▶ _RECORDED INFORMATION_:
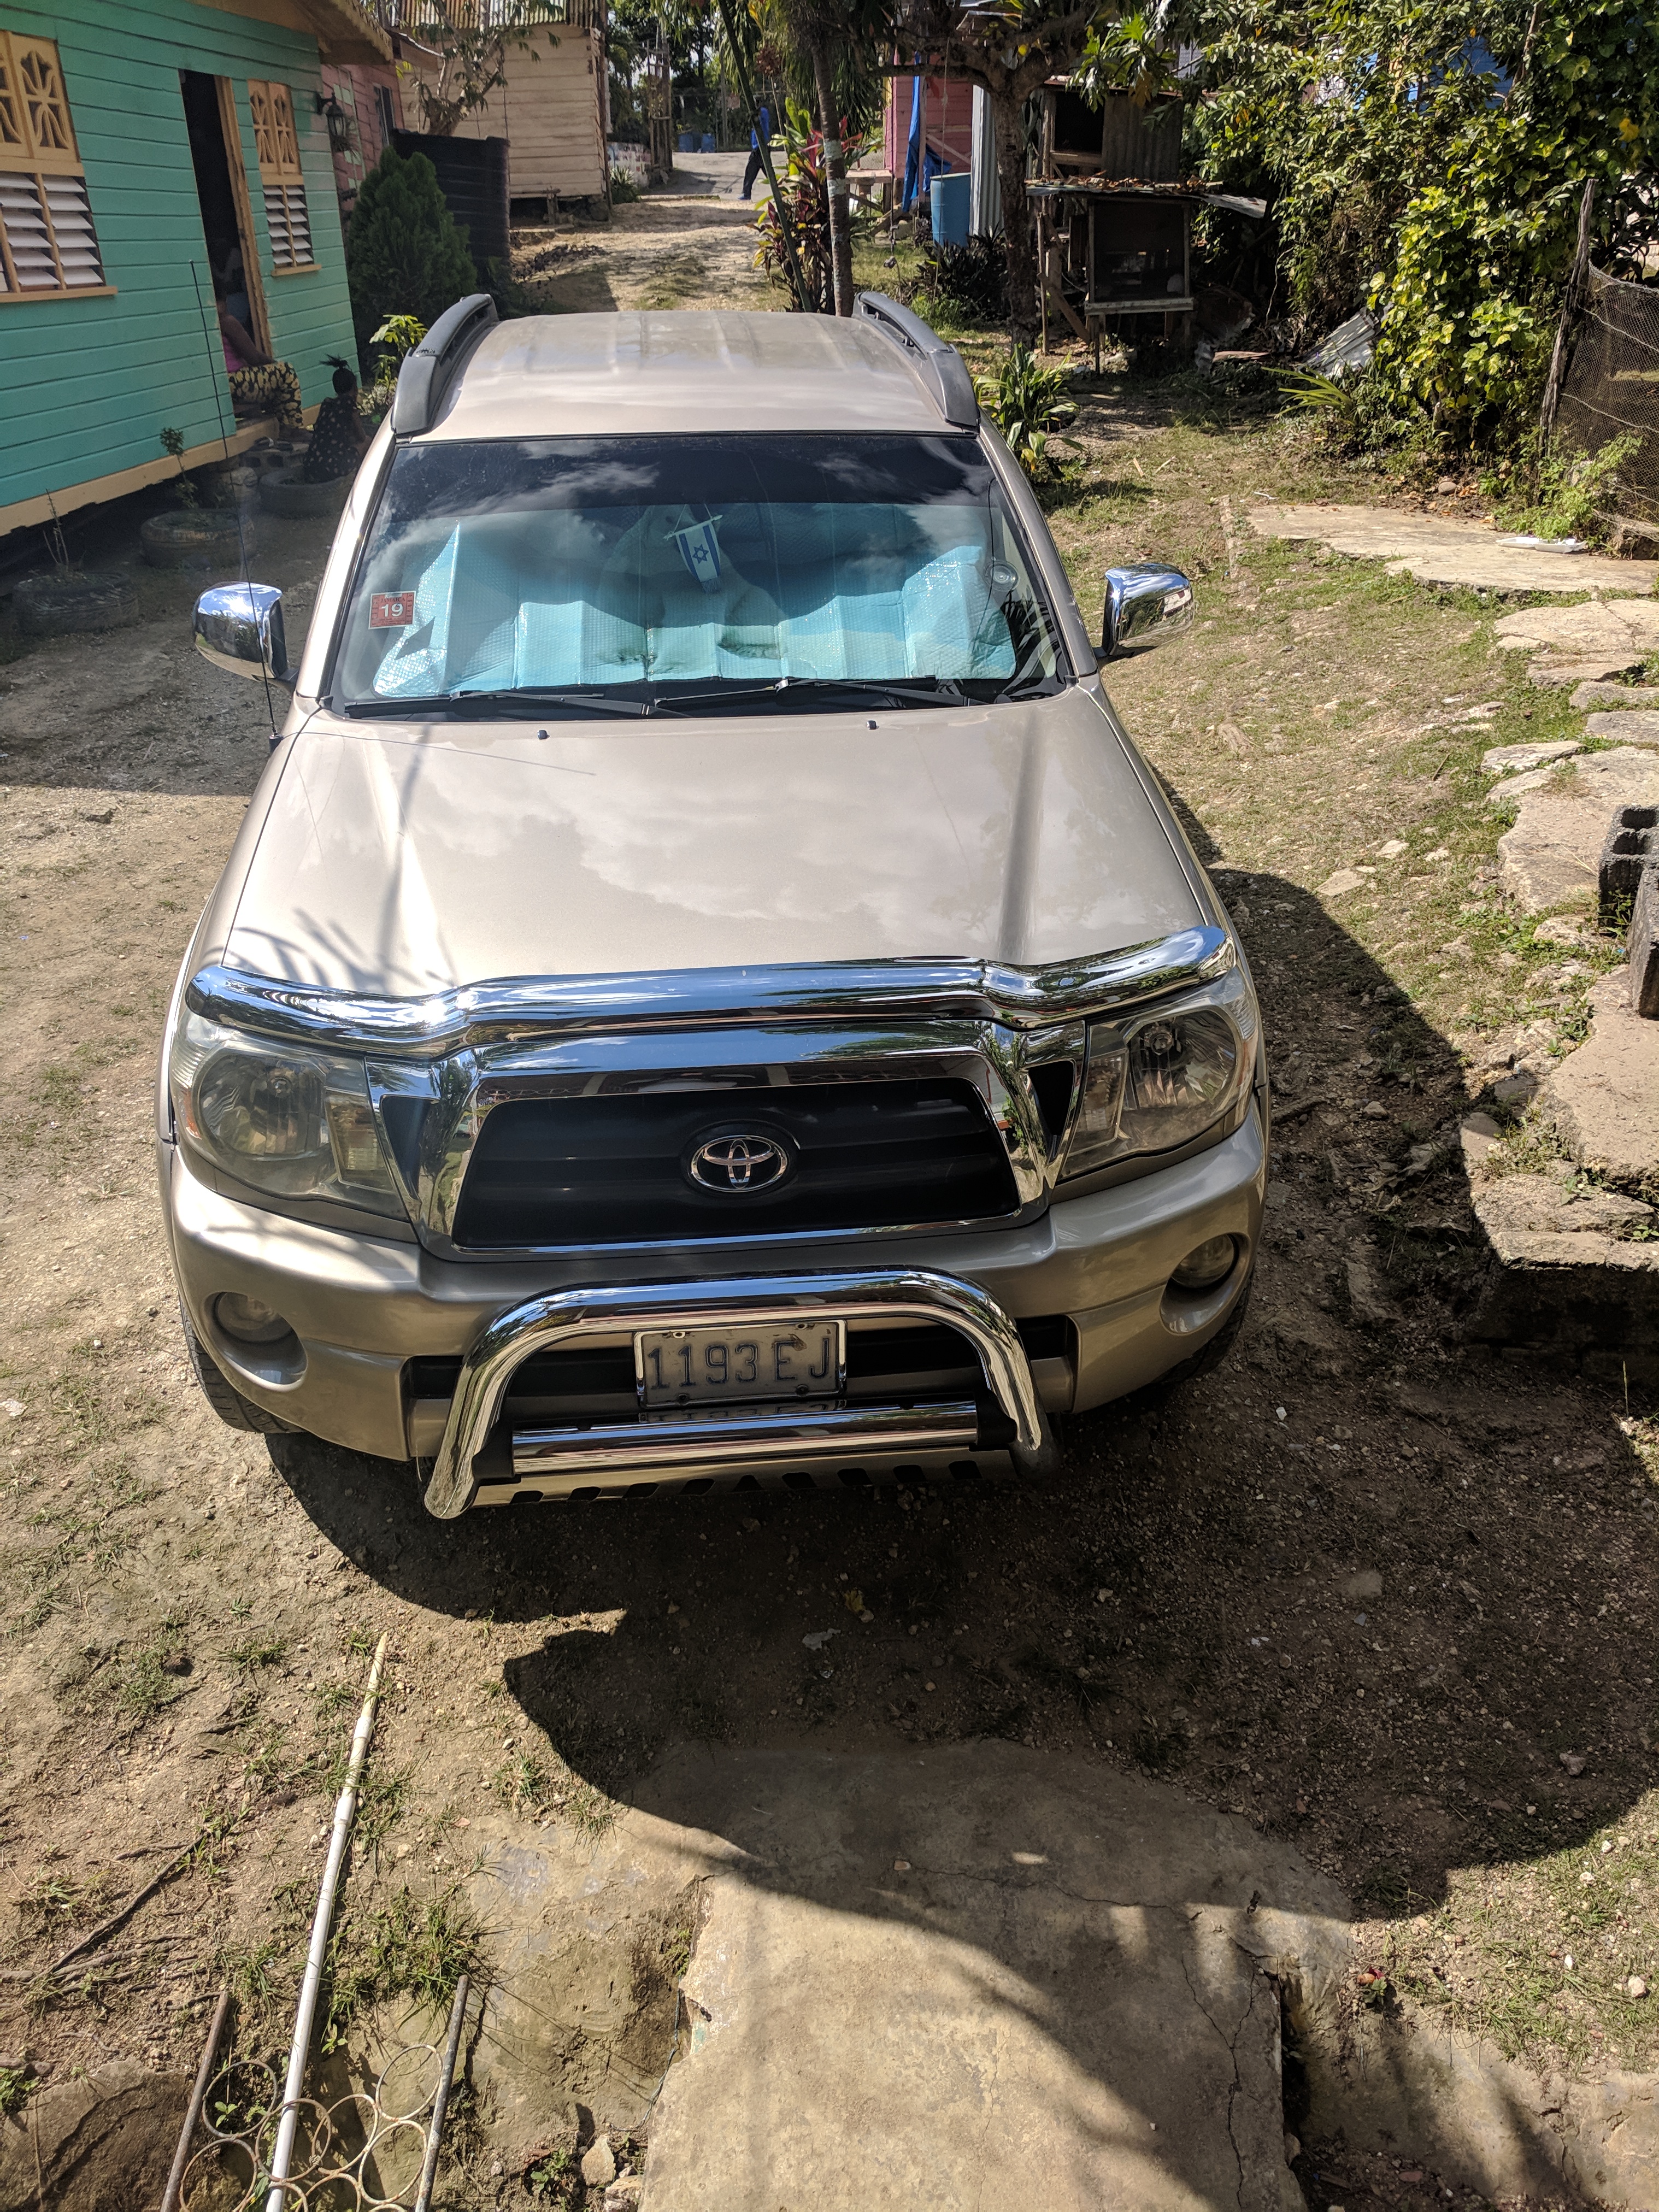 2007 Toyota Tacoma Pick Up For Sale
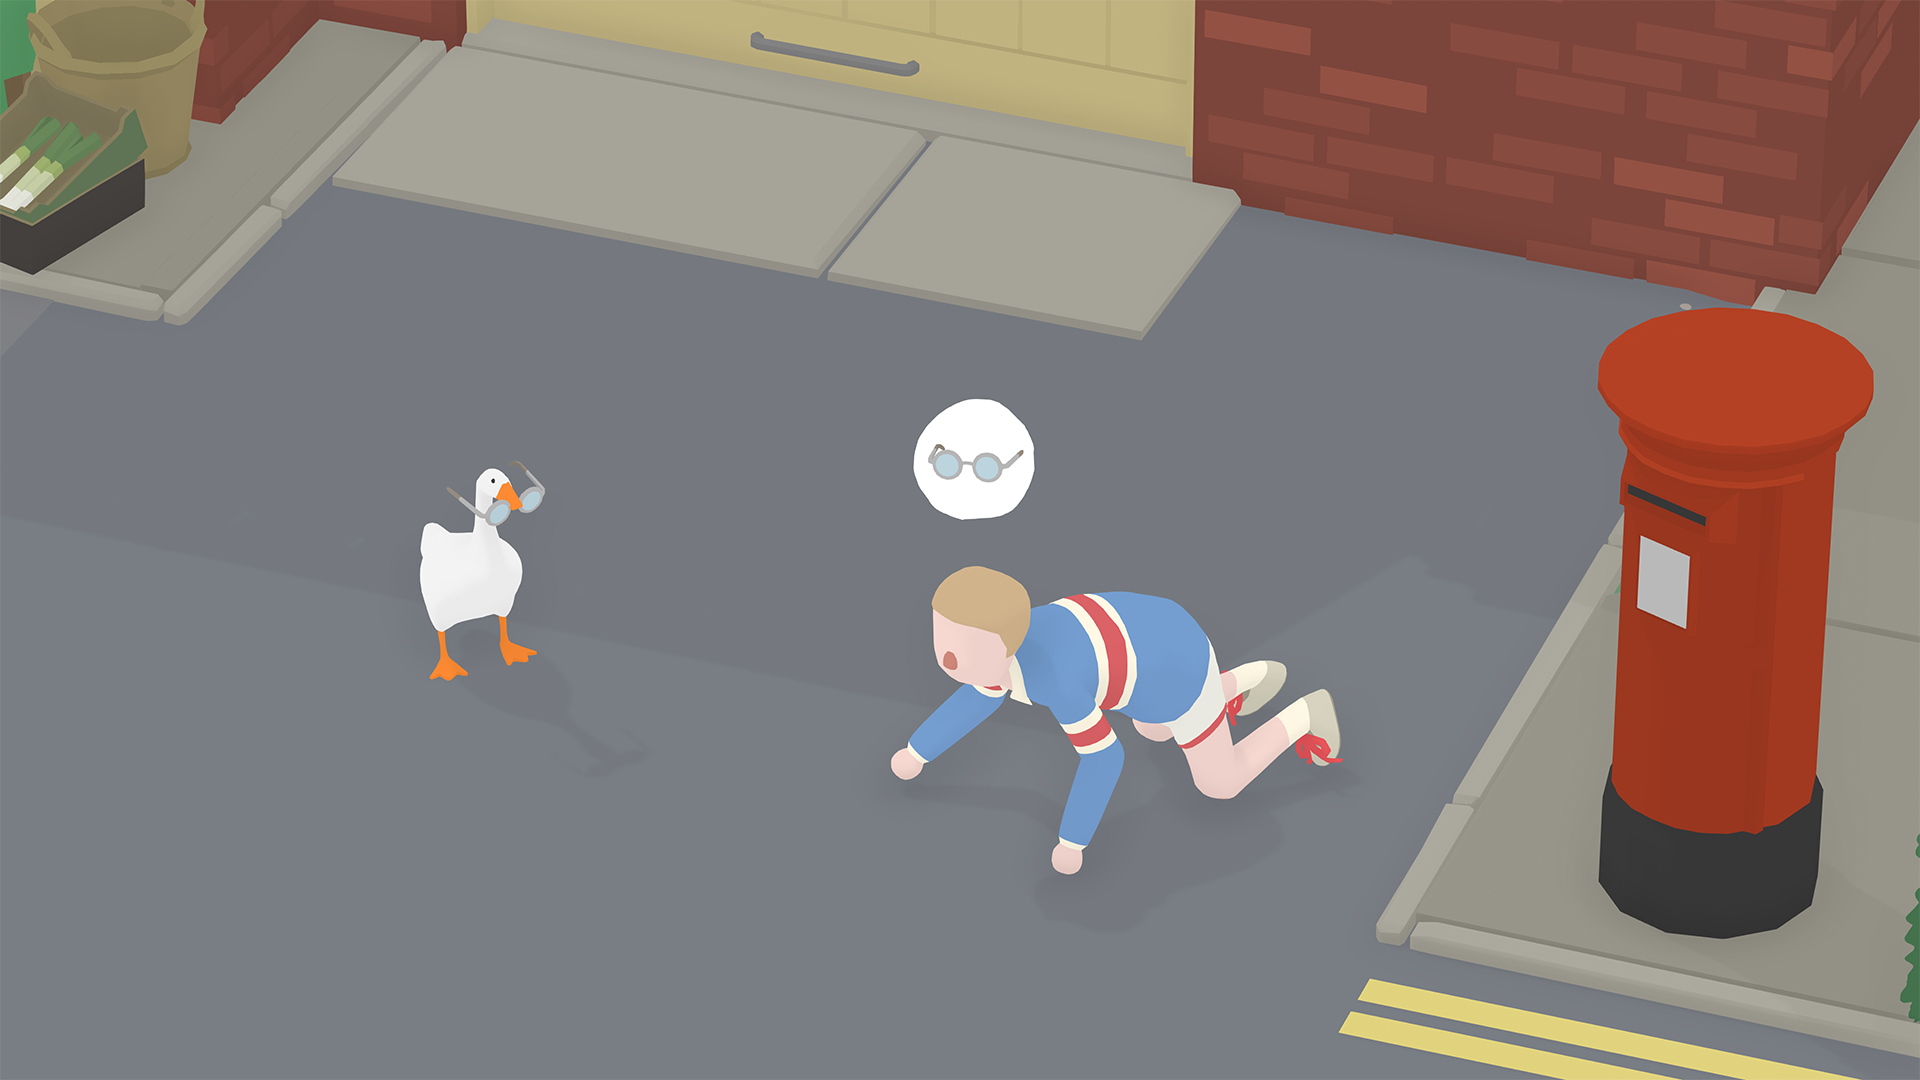 Untitled Goose Game: channeling the troll in you
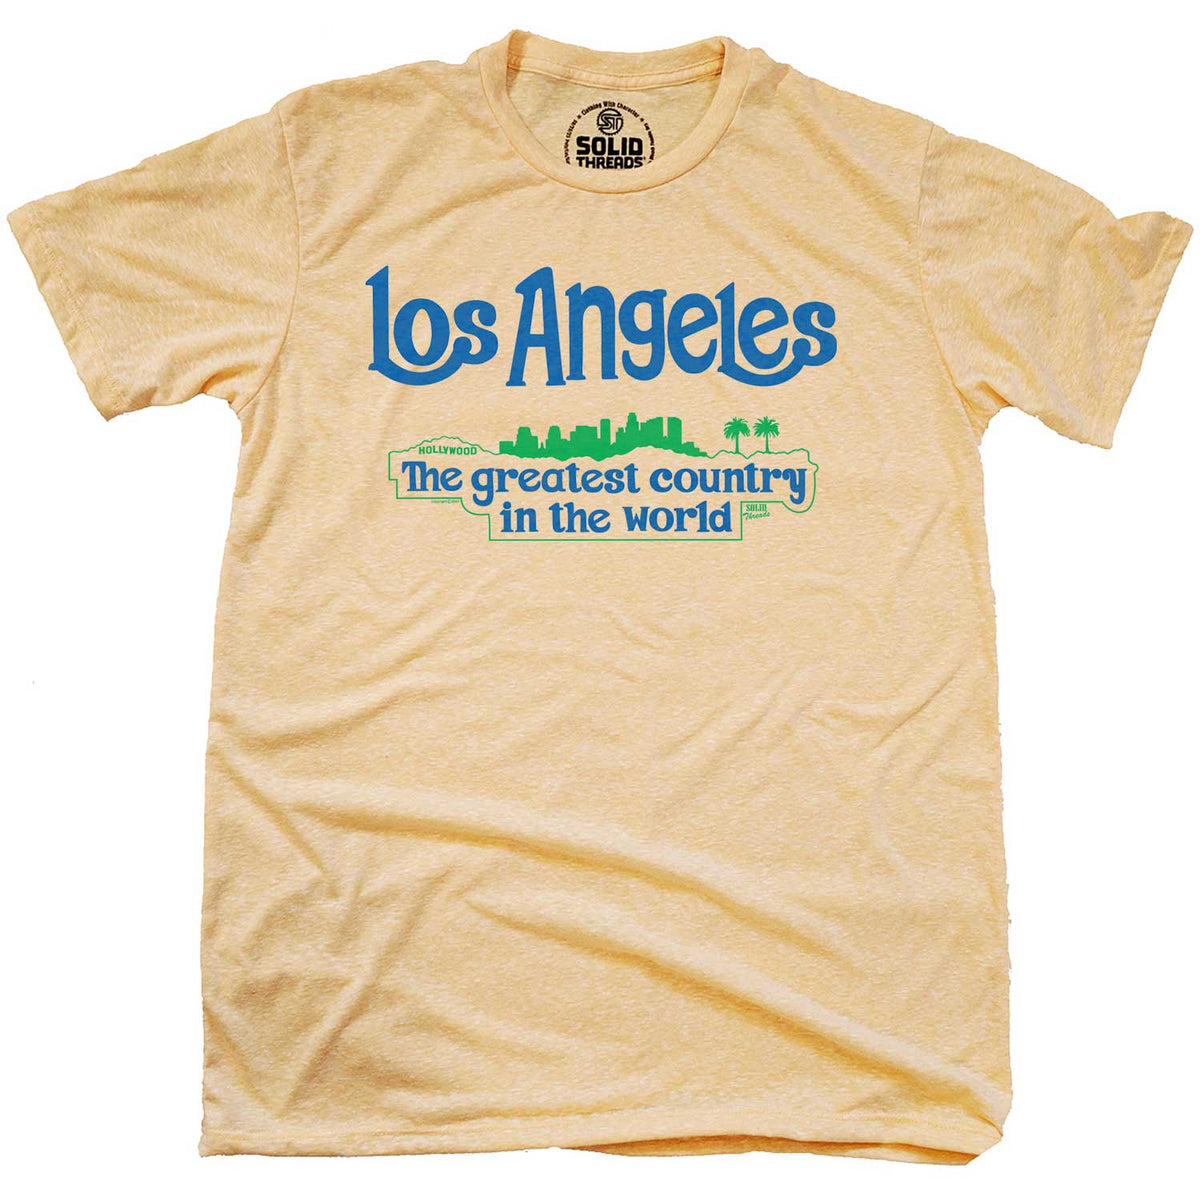 Men&#39;s Los Angeles The Greatest Country Retro Graphic T-Shirt | Funny California Tee | Solid Threads
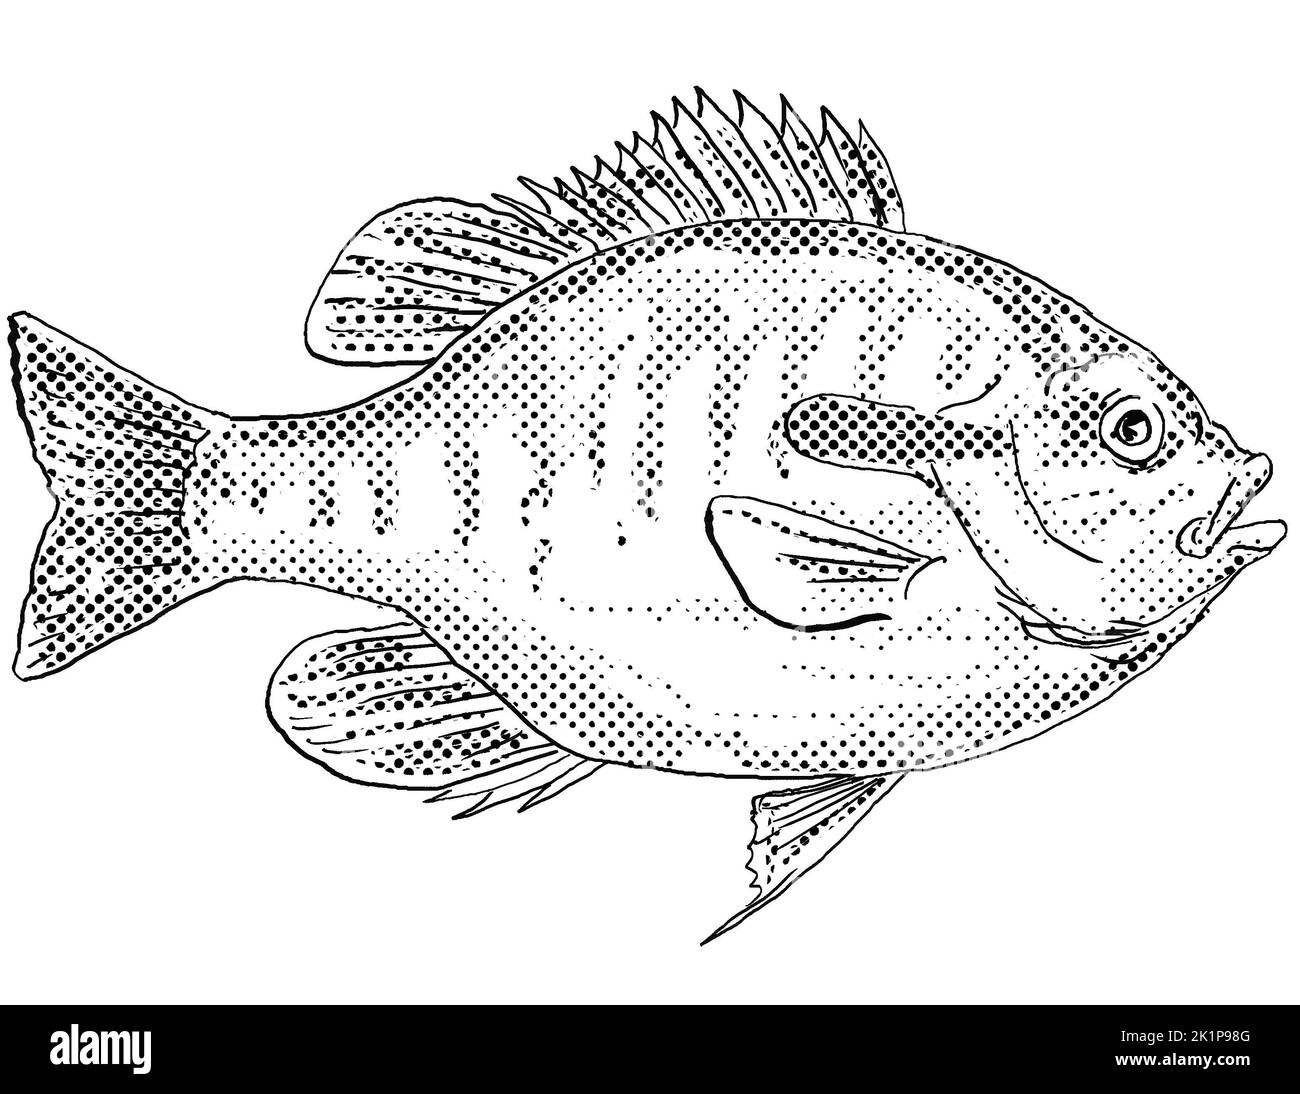 Cartoon style line drawing of a Redbreast sunfish or Lepomis auritus a freshwater fish endemic to North America with halftone dots shading on isolated Stock Photo

▶ _WORK TASK_: Write the listing above out again exactly, dropping each image.

▶ _THE COMPLETED TASK_:
 2007 Toyota Tacoma Pick Up For Sale
 Untitled Goose Game: channeling the troll in you
 Men&#39;s Los Angeles The Greatest Country Retro Graphic T-Shirt | Funny California Tee | Solid Threads
 Cartoon style line drawing of a Redbreast sunfish or Lepomis auritus a freshwater fish endemic to North America with halftone dots shading on isolated Stock Photo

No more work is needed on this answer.